第38話 敗者の朝、勝者の微睡み
朝の光は、無慈悲なまでに、平等だった。
昨夜の狂騒が嘘のように静まり返った王都にも、そして、絶望の淵に沈む王宮の一室にも、同じように、清らかな光を投げかけている。
王宮の、ユリウス王子の執務室は、まるで、嵐が通り過ぎた後のようだった。
床には、砕け散った陶磁器の破片や、無残に引き裂かれたタペストリーが散乱している。高価な黒檀の机には、昨夜の激情の跡である、深い剣の傷跡が、生々しく刻まれていた。
その、無惨な部屋の中心に、ユリウス・テオ・ド・ラ・ファイエットは、ただ一人、立っていた。

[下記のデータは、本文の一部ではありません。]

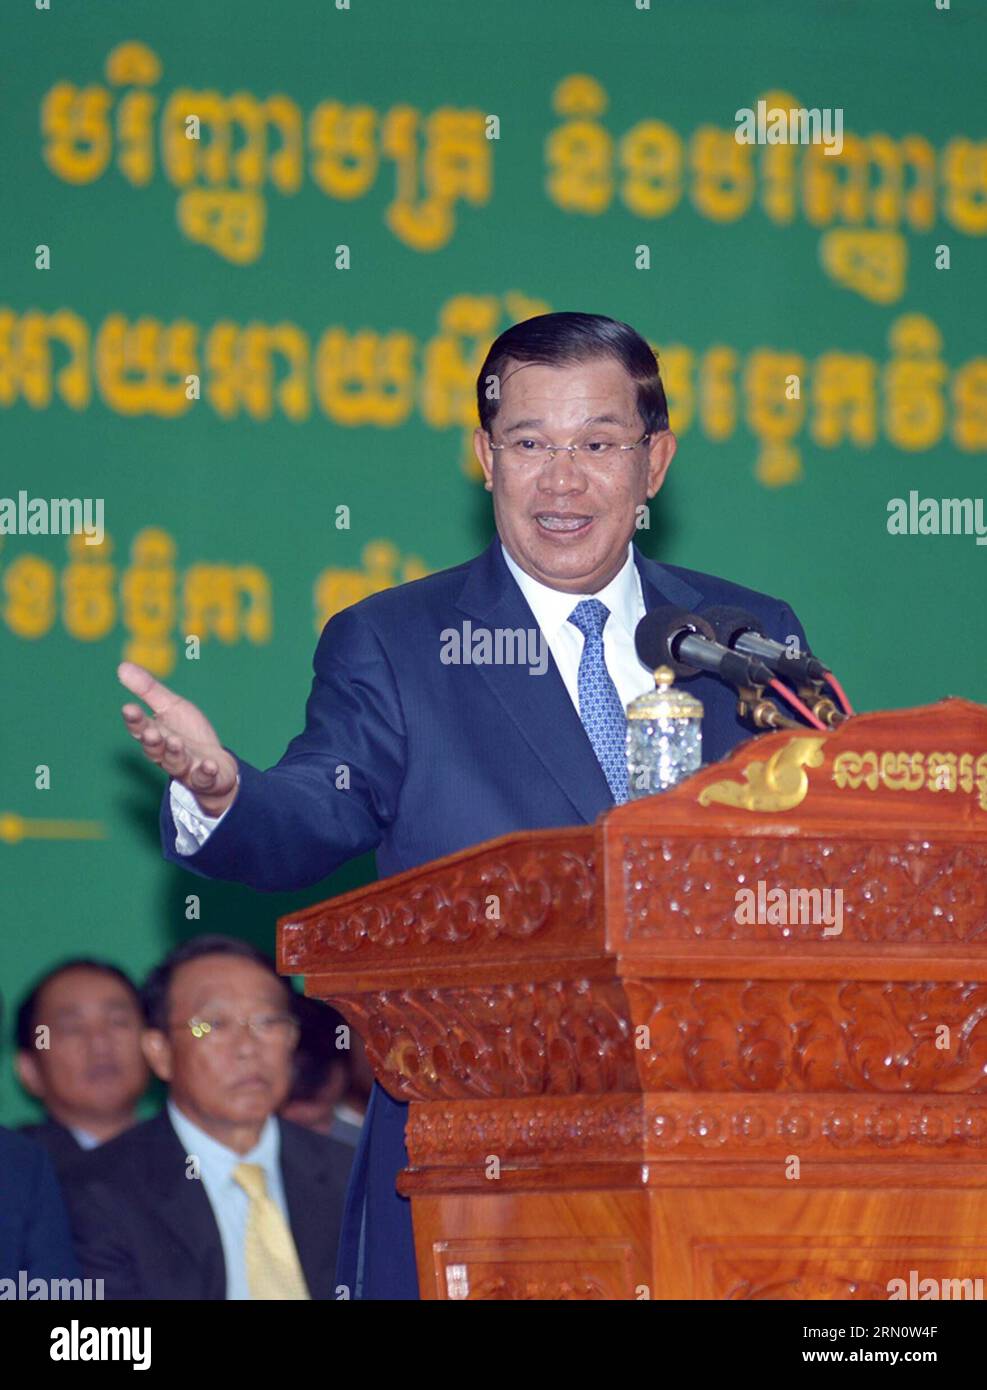 (141120) -- PHNOM PENH, le 20 novembre 2014 -- le Premier ministre cambodgien Hun Sen prend la parole à Phnom Penh, Cambodge, le 20 novembre 2014. Hun Sen a déclaré jeudi que lui et son gouvernement n'avaient pas le droit d'ordonner aux tribunaux d'arrêter ou de libérer les suspects ayant commis des crimes. (Bxq) CAMBODGE-PHNOM PENH-PM Sovannara PUBLICATIONxNOTxINxCHN Phnom Penh nov. 20 2014 les premiers ministres cambodgiens HUN Sen prennent la parole à Phnom Penh Cambodge nov. 20 2014 HUN Sen a déclaré jeudi Thatcher que son gouvernement et lui n'ont aucun droit d'ordonner aux tribunaux d'arrêter ou de libérer les suspects ayant commis DES CRIMES Cambodge Phnom Banque D'Images

彼の、完璧に着こなされていたはずの純白の軍服は、今はもう、皺だらけになり、胸元のサファイアのブローチは、いつの間にか、どこかへ消え失せていた。完璧な金髪は乱れ、その美しい顔には、隈が、深く、青黒い影を落としている。
彼は、眠っていなかった。
眠れるはずが、なかった。
瞼を閉じれば、脳裏に浮かぶのは、あの、処刑台の上に残された、一枚のカード。ヴァレンシュタイン家の、気高き鷲の紋章。
それは、彼のプライドを、彼の存在意義を、根こそぎ奪い去った、悪魔の刻印だった。
(なぜだ……なぜ、こうなった……)
彼の思考は、同じ場所を、ぐるぐると、回り続ける。
完璧だったはずだ。わたくしの計画は、わたくしの世界は、完璧だったはずなのに。
あの女。
あの、イザベラ・フォン・ヴァレンシュタイン。
ただの、美しく、従順な、人形ではなかったのか。わたくしの権威を飾り立てるための、最高のアクセサリーではなかったのか。
いつからだ。
いつから、あの女は、わたくしの理解を超える、化け物になってしまったのだ。
いや、違う。
もしかしたら、初めから、そうだったのかもしれない。
わたくしが、気づかなかっただけ。あの女が、その本性を、完璧な仮面の下に、隠し続けていただけ。
そして、わたくしは、その仮面の上っ面だけを撫でて、全てを支配した気になっていた、愚かな、道化に過ぎなかったのだ。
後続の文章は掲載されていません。